WHAT IS REQUIRED:
Your copy must hold all of the data below, unchanged and without images.

INFORMATION SHOWN:
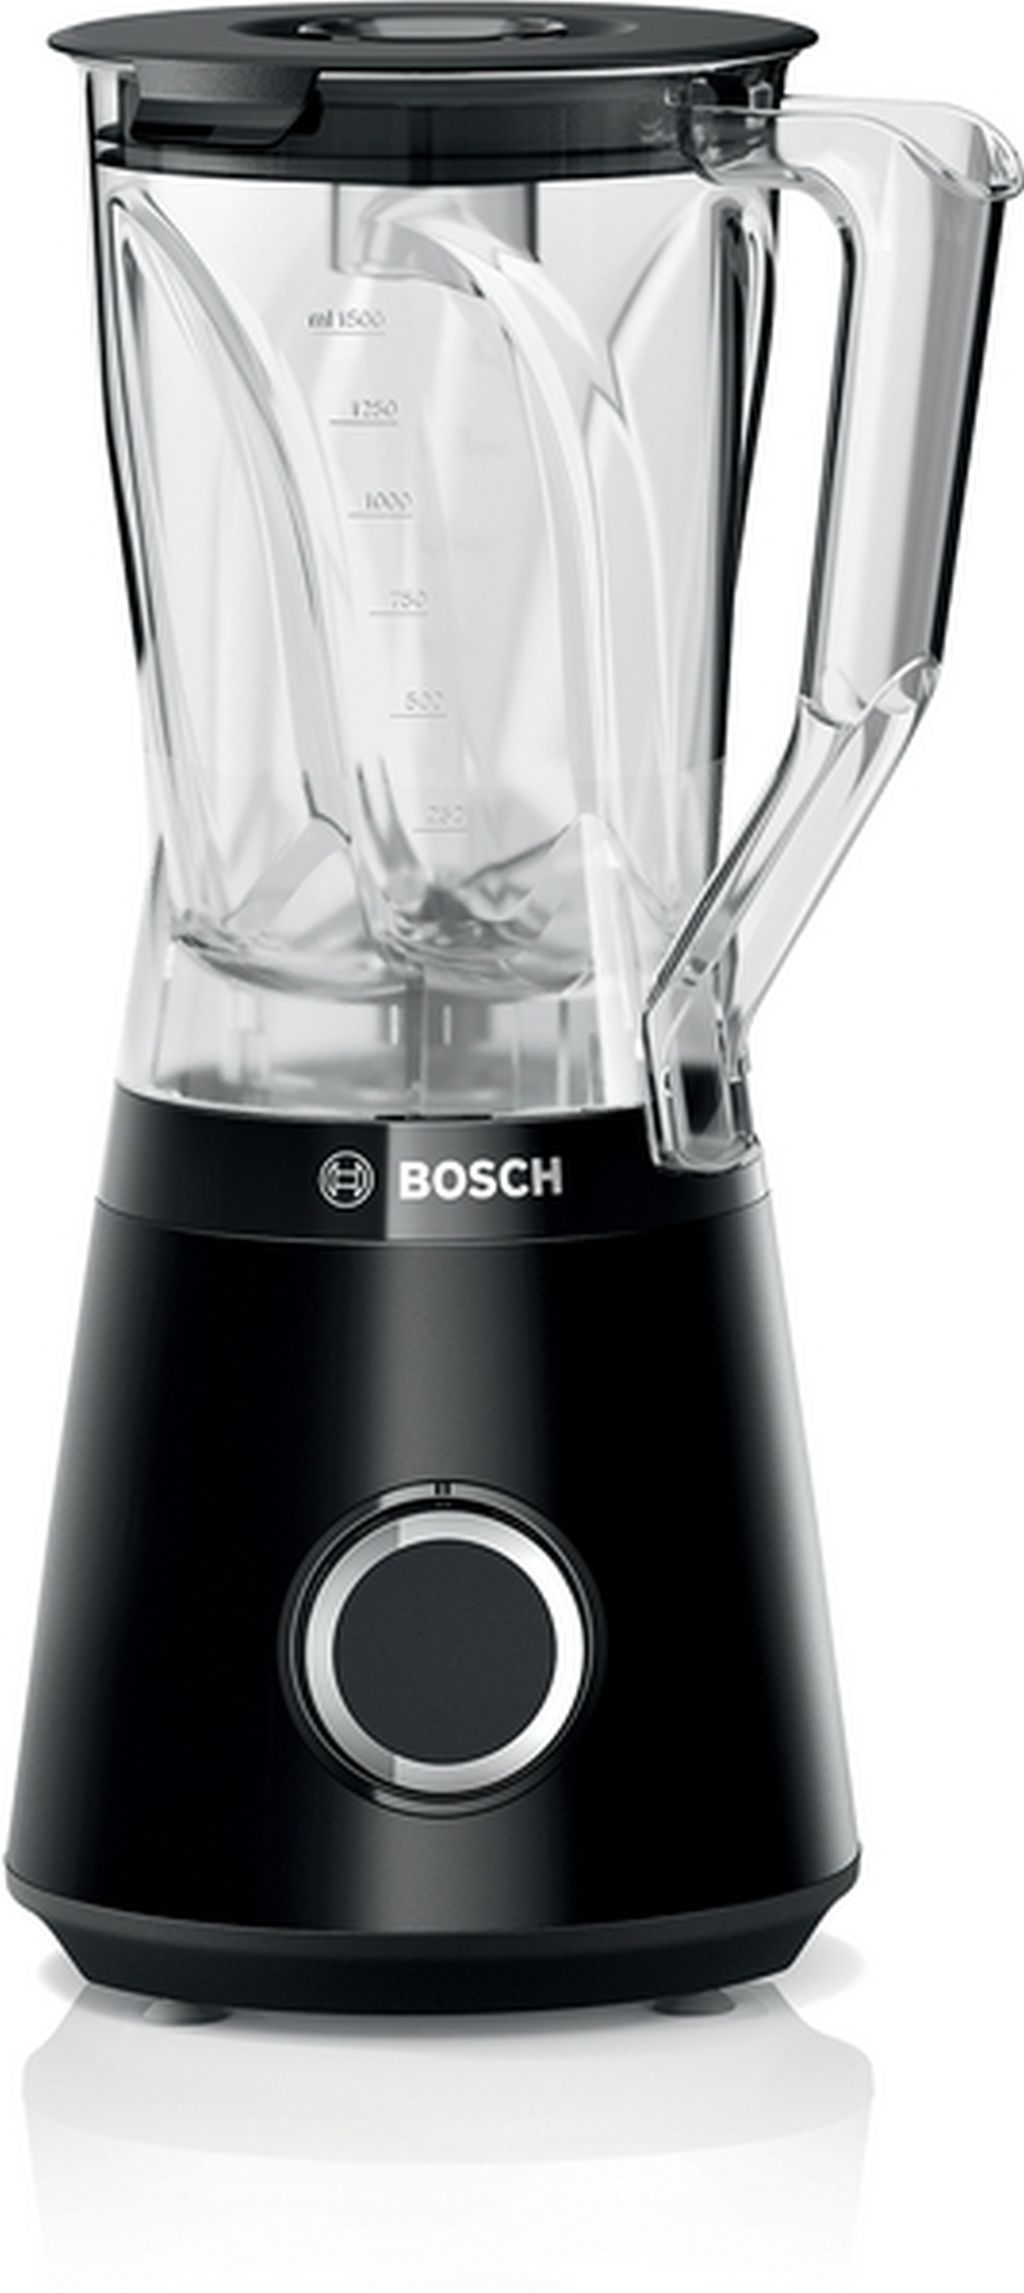 Bosch Mixér, VitaPower Serie | 4, 1200 W, Černá MMB6141B
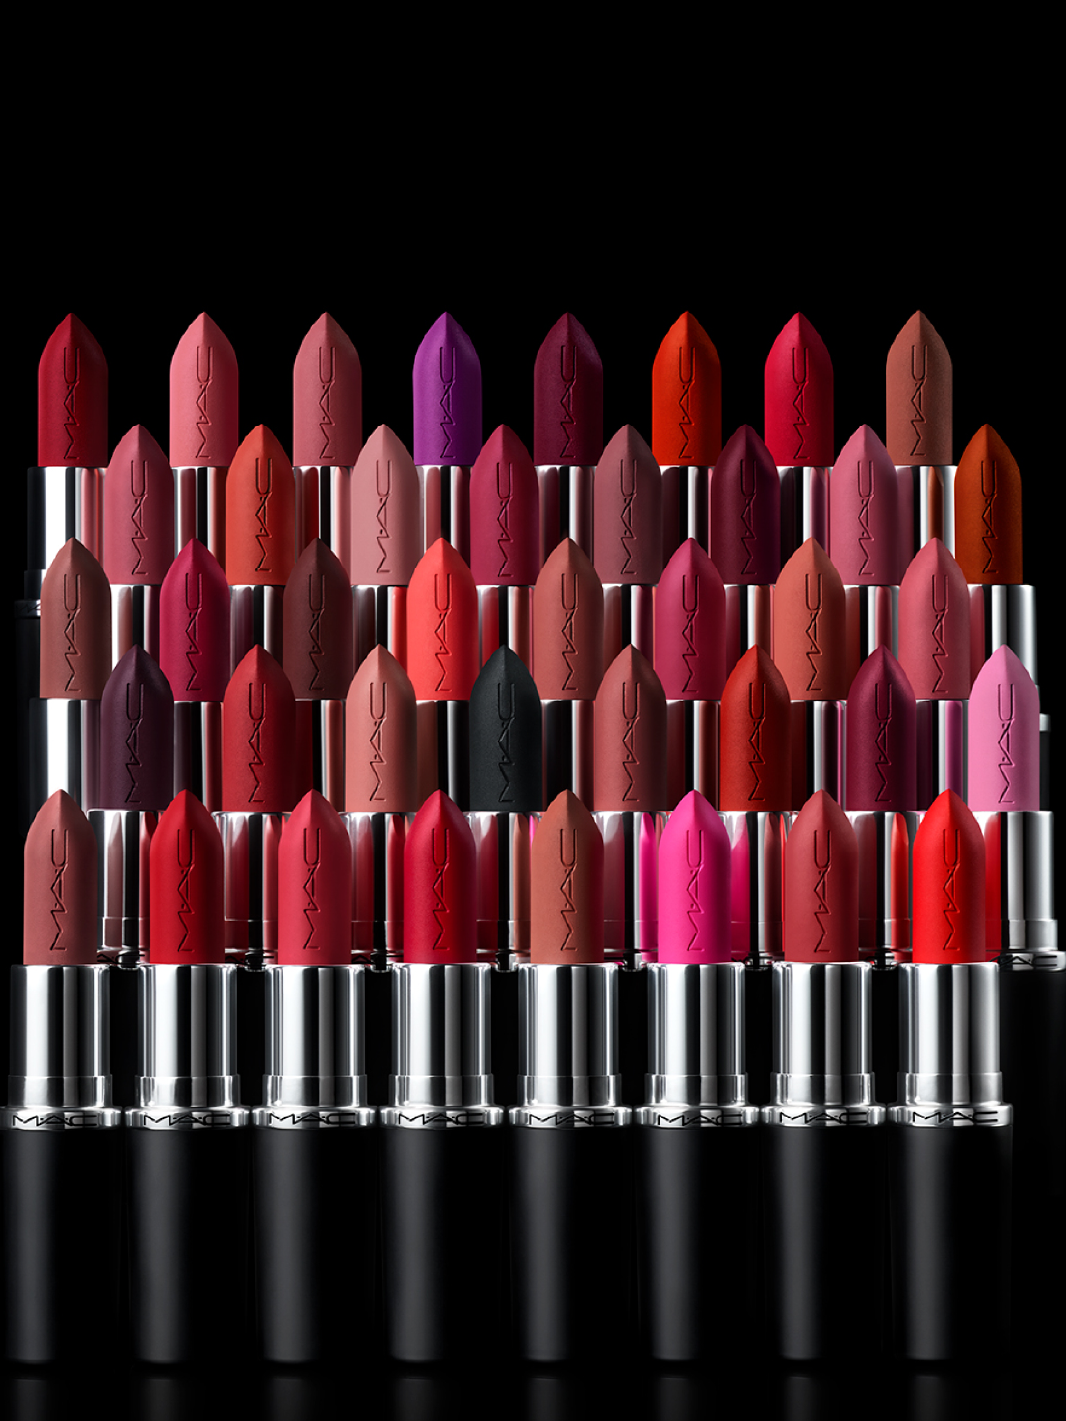 mascara, lashes, makeup, beauty, cosmetics, MAC, MAC cosmetics, blush, lipstick, MACximal 										
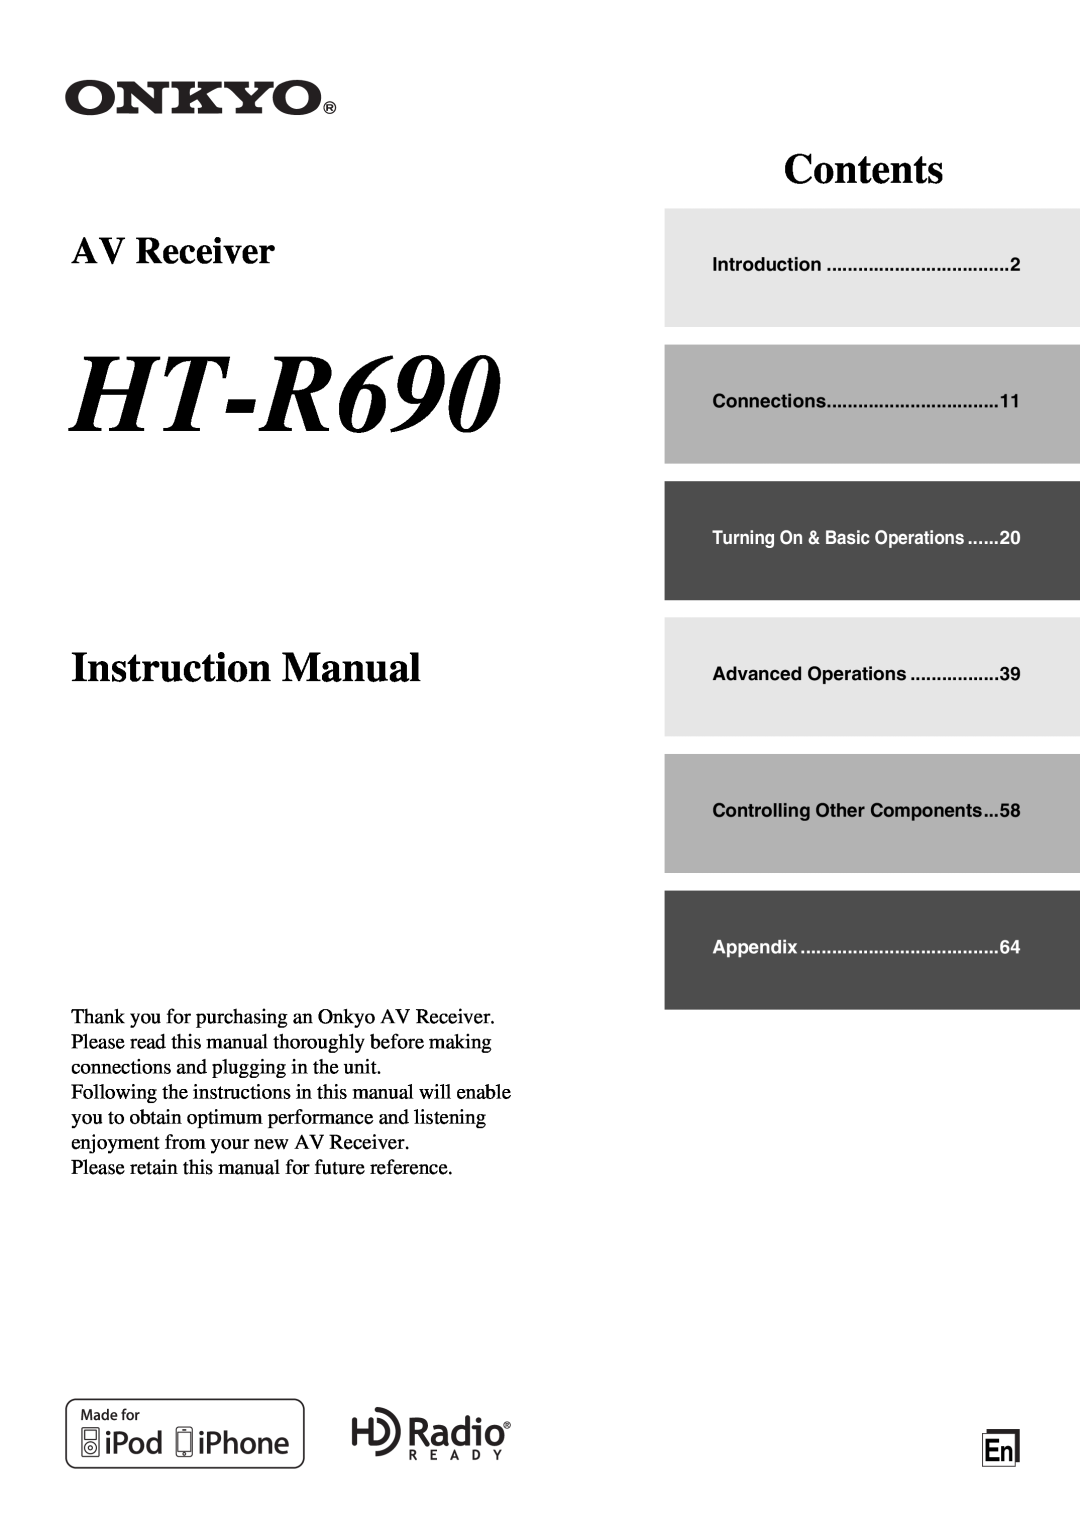 Onkyo HT-R690 instruction manual Instruction Manual, Contents, AV Receiver 
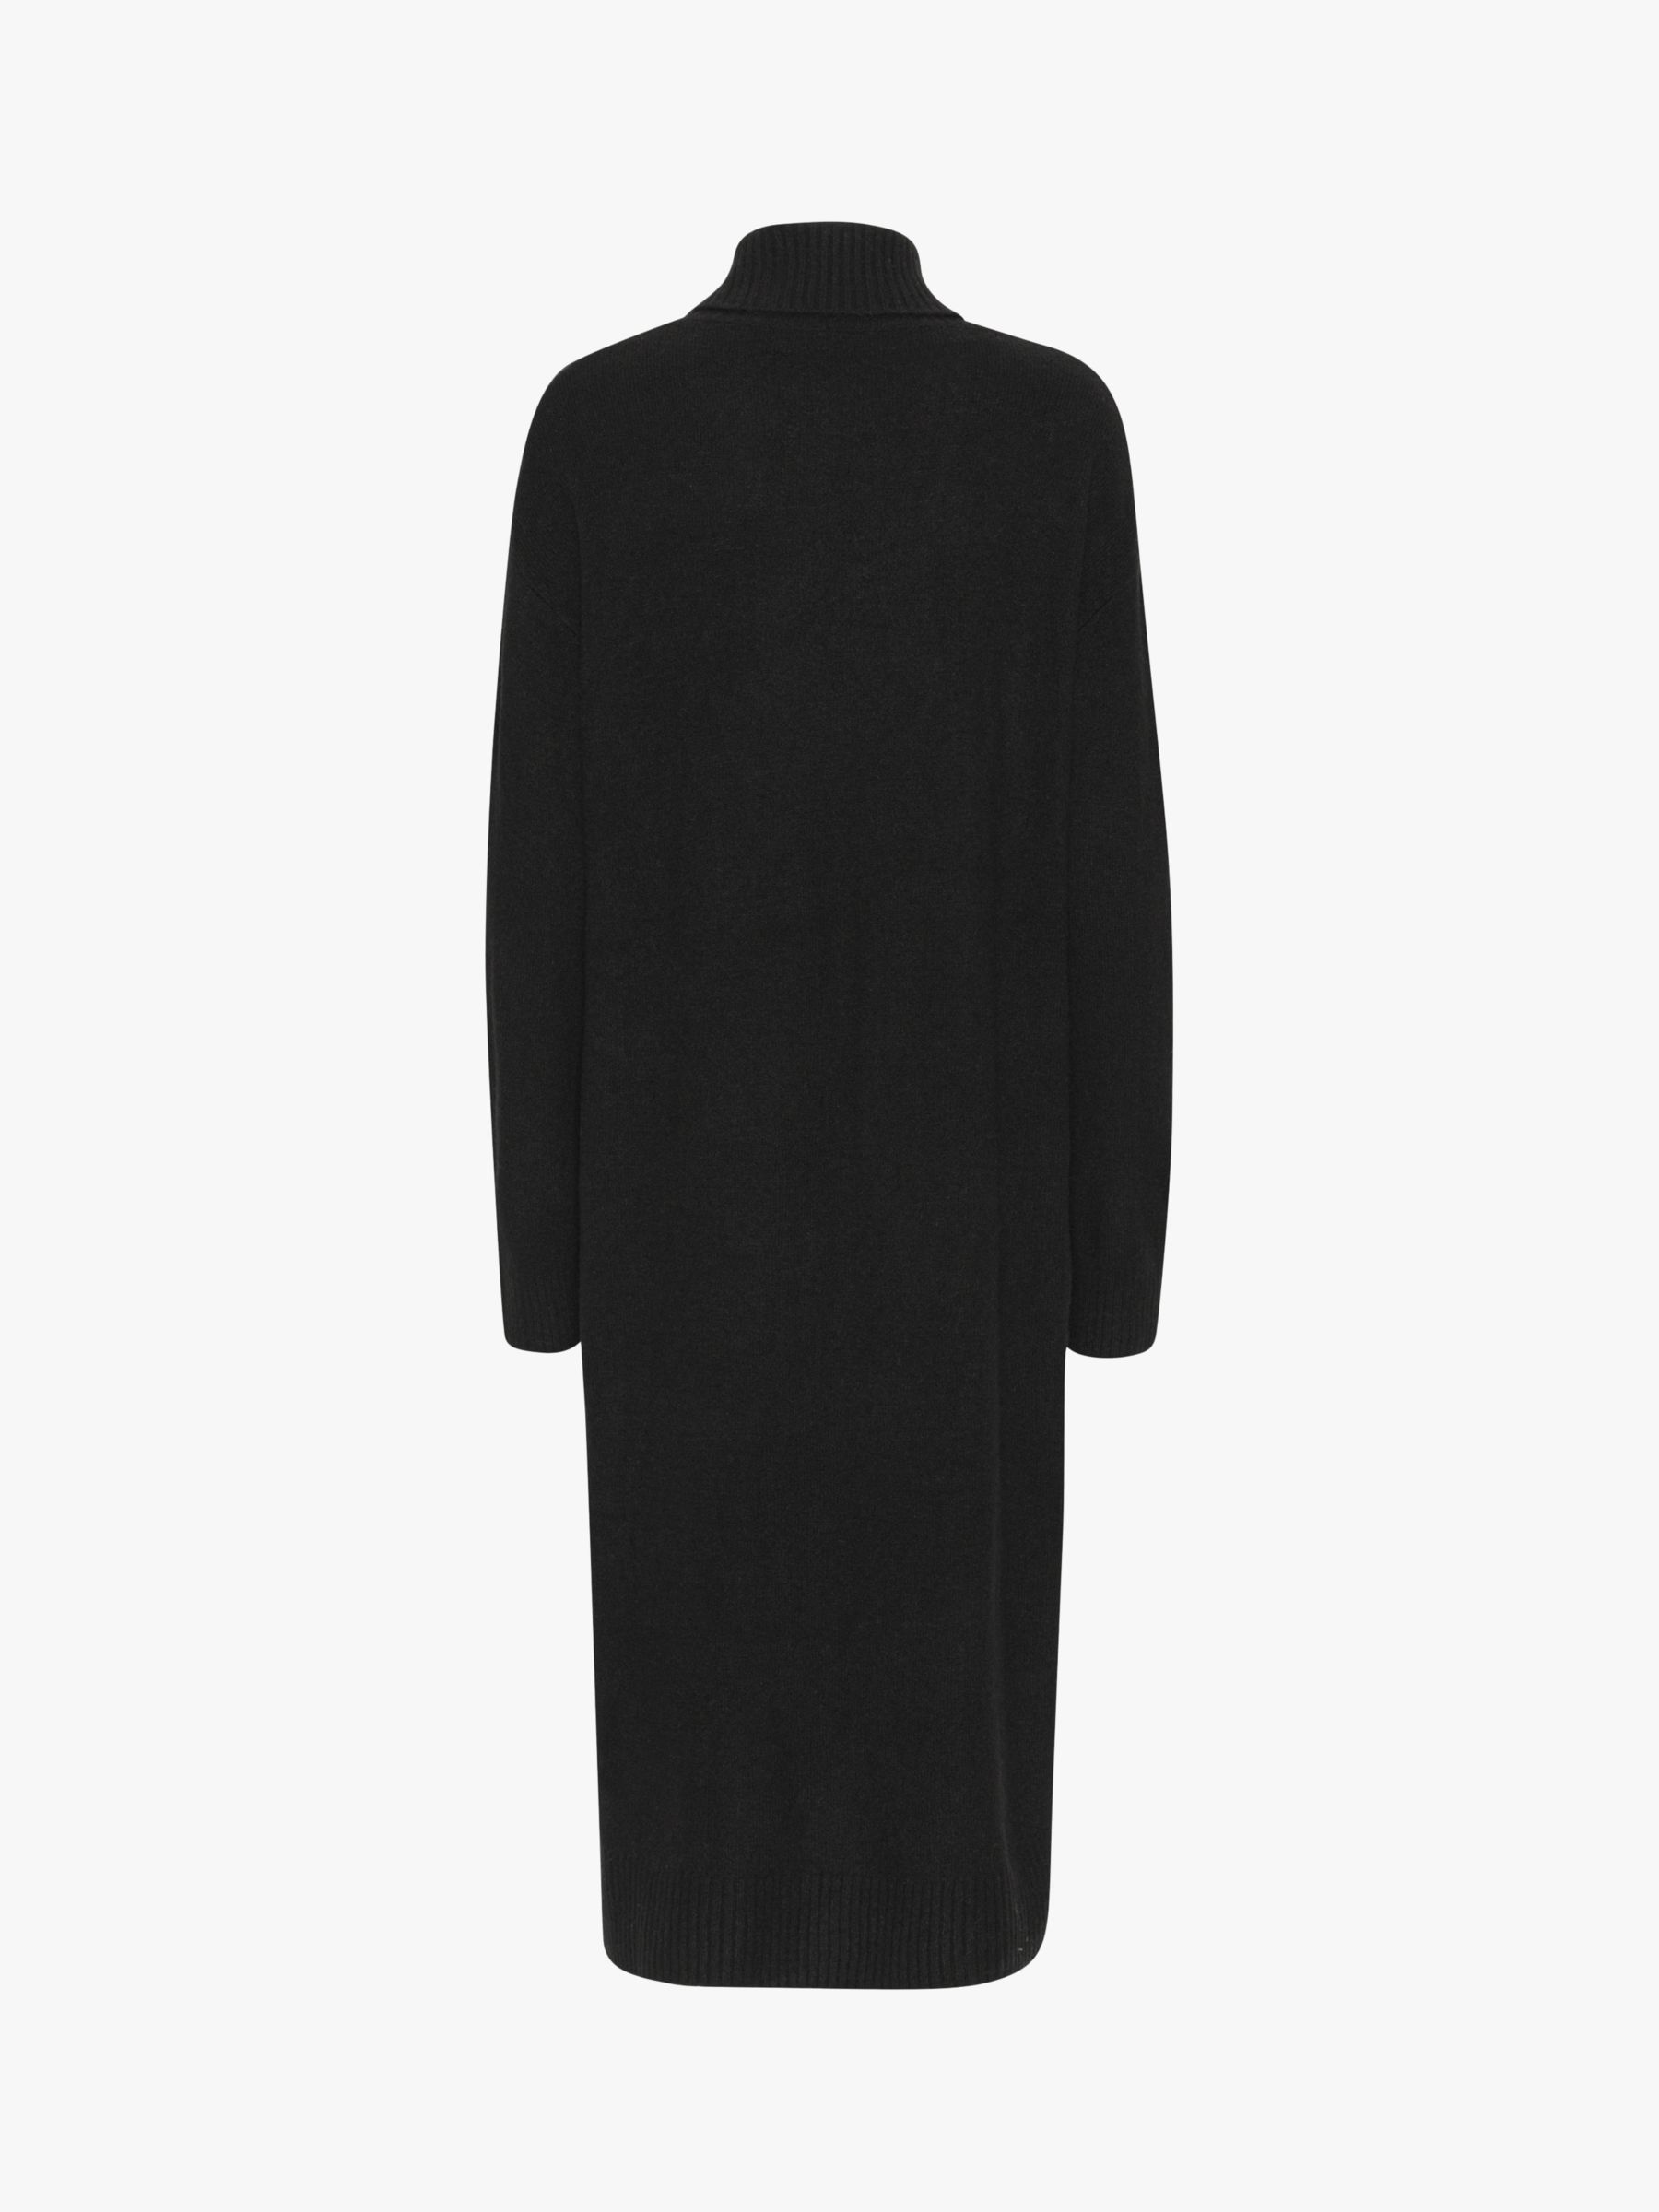 A-VIEW Penny Knit Wool Blend Jumper Dress, Black at John Lewis & Partners

REPLY TO THE TASK:
 Bosch Mixér, VitaPower Serie | 4, 1200 W, Černá MMB6141B
 mascara, lashes, makeup, beauty, cosmetics, MAC, MAC cosmetics, blush, lipstick, MACximal 										
 Onkyo HT-R690 instruction manual Instruction Manual, Contents, AV Receiver 
 A-VIEW Penny Knit Wool Blend Jumper Dress, Black at John Lewis & Partners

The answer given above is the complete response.